**TASK STATEMENT**.
Reproduce the lines below verbatim. Pictures are to be omitted.

**PROVIDED MATERIAL**.
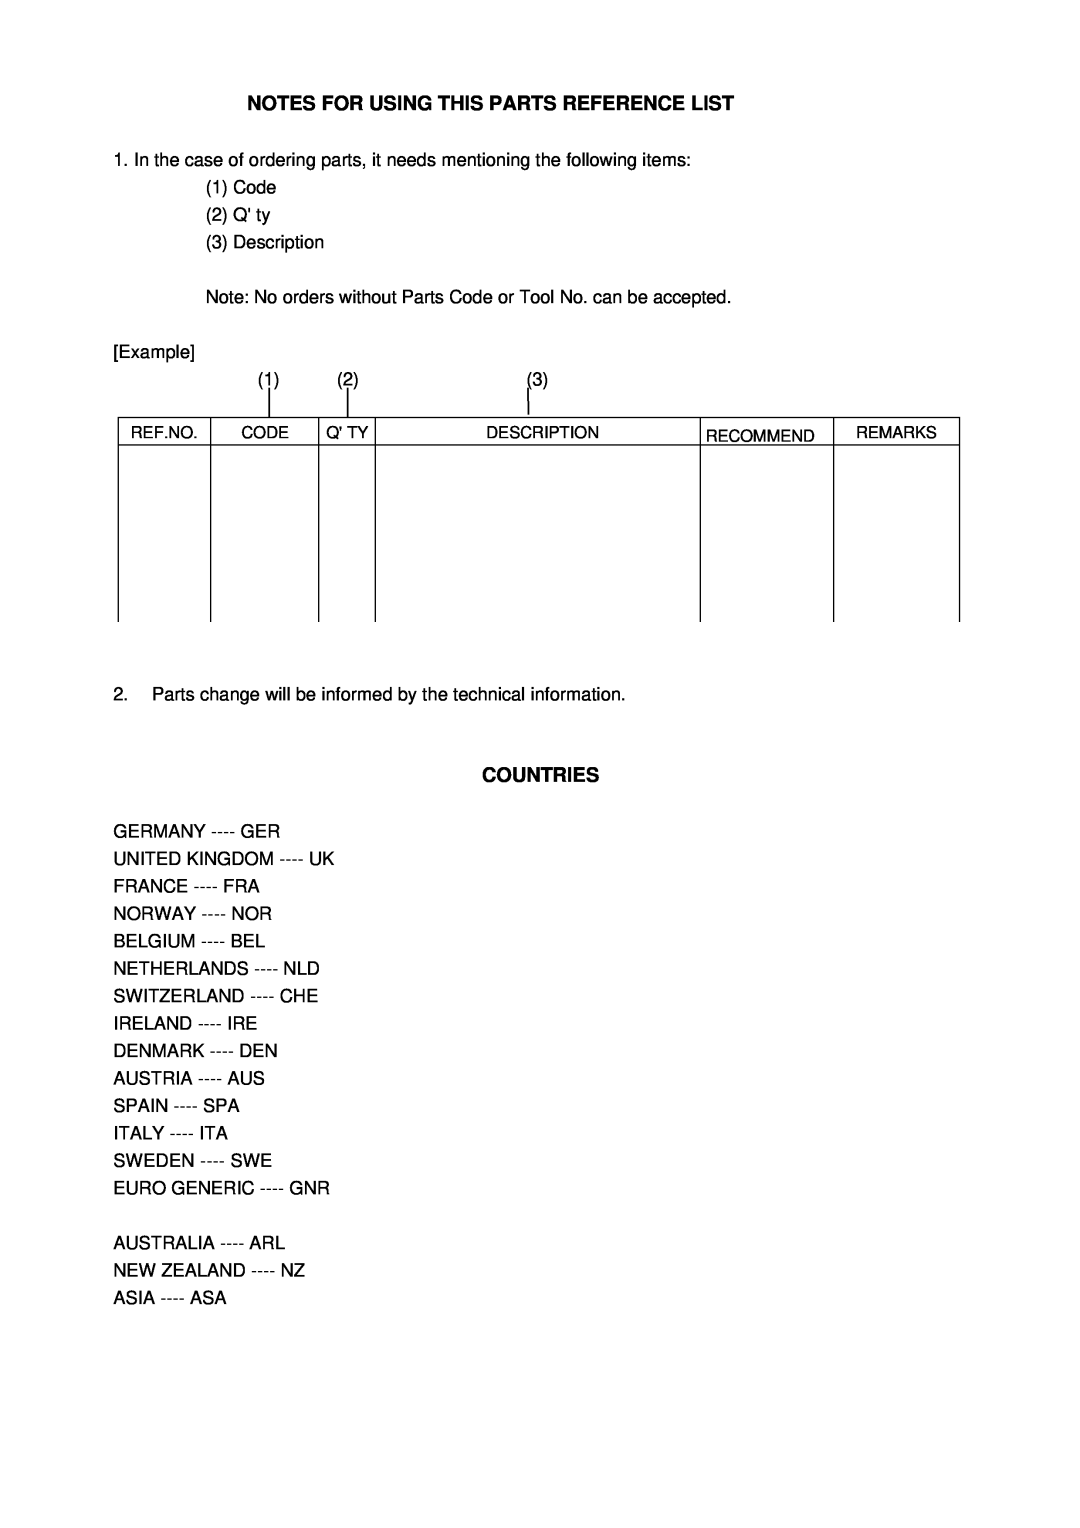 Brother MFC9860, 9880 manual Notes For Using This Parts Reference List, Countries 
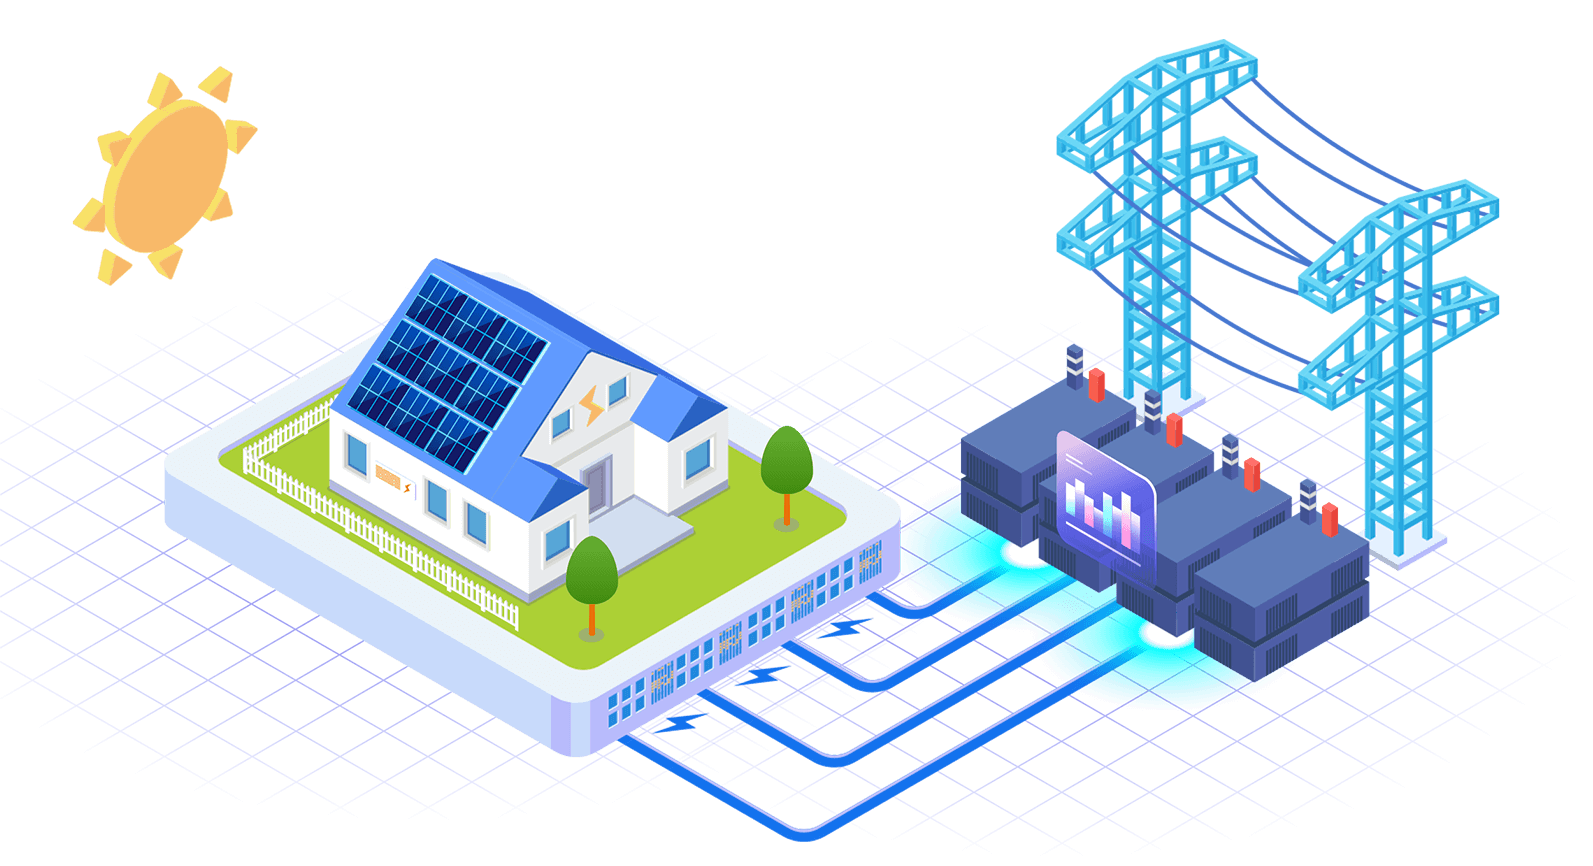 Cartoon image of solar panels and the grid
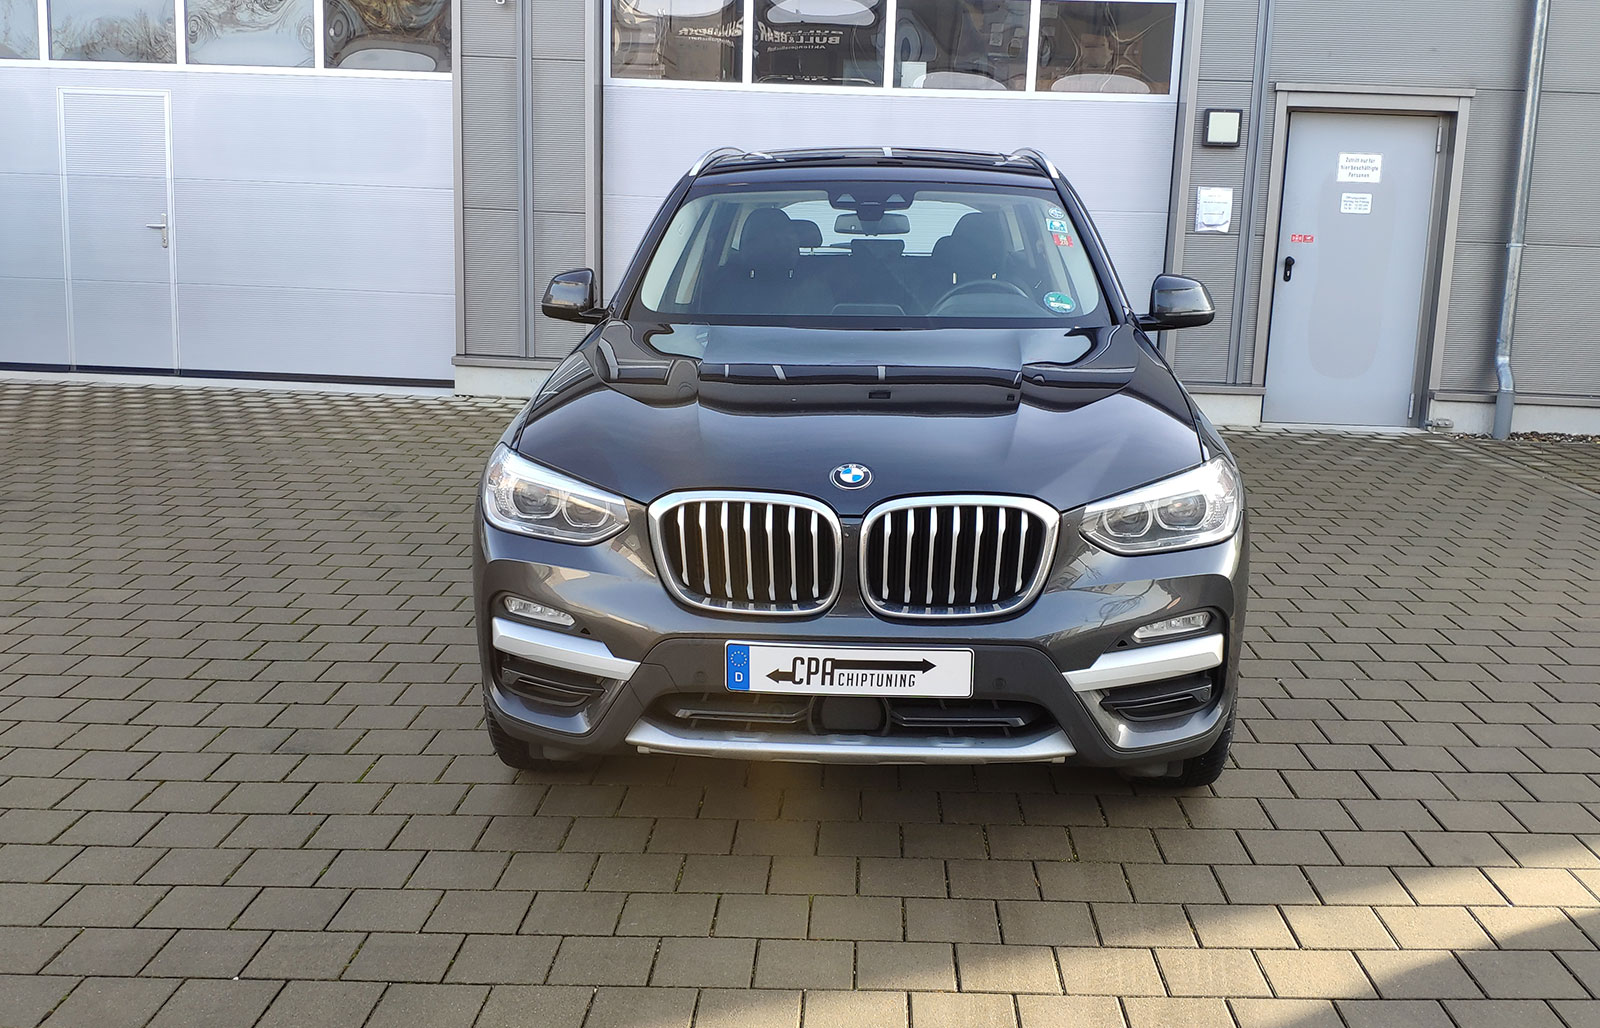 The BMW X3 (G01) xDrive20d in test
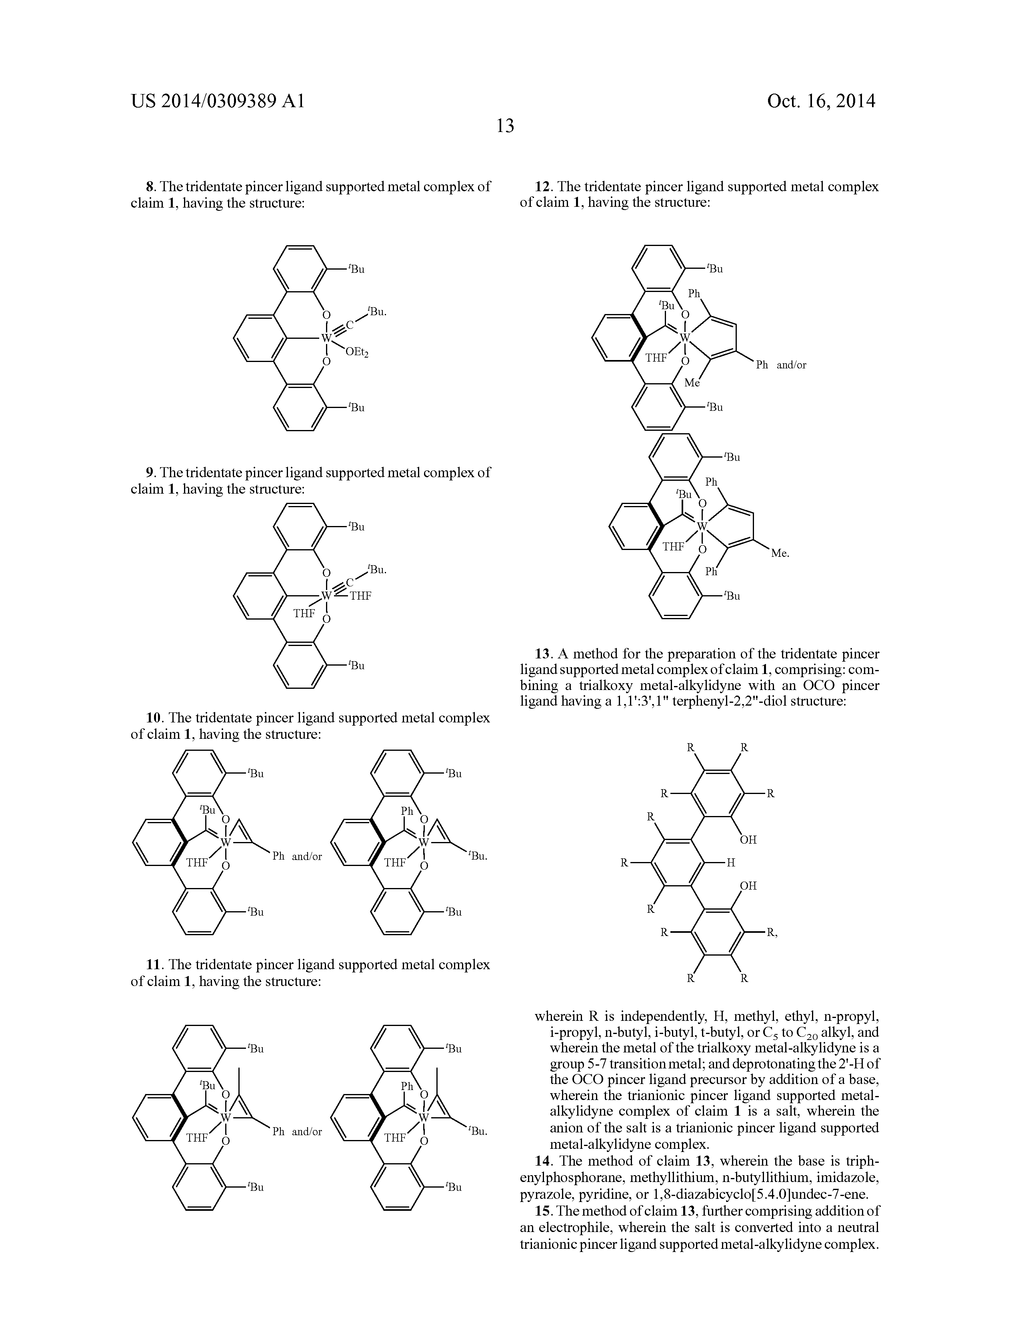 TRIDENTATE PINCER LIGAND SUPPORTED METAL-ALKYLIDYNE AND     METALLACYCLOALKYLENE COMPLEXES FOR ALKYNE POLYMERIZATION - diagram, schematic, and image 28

**YOUR SOLUTION**.
 Brother MFC9860, 9880 manual Notes For Using This Parts Reference List, Countries 
 Cartoon image of solar panels and the grid
 The BMW X3 (G01) xDrive20d in test
 TRIDENTATE PINCER LIGAND SUPPORTED METAL-ALKYLIDYNE AND     METALLACYCLOALKYLENE COMPLEXES FOR ALKYNE POLYMERIZATION - diagram, schematic, and image 28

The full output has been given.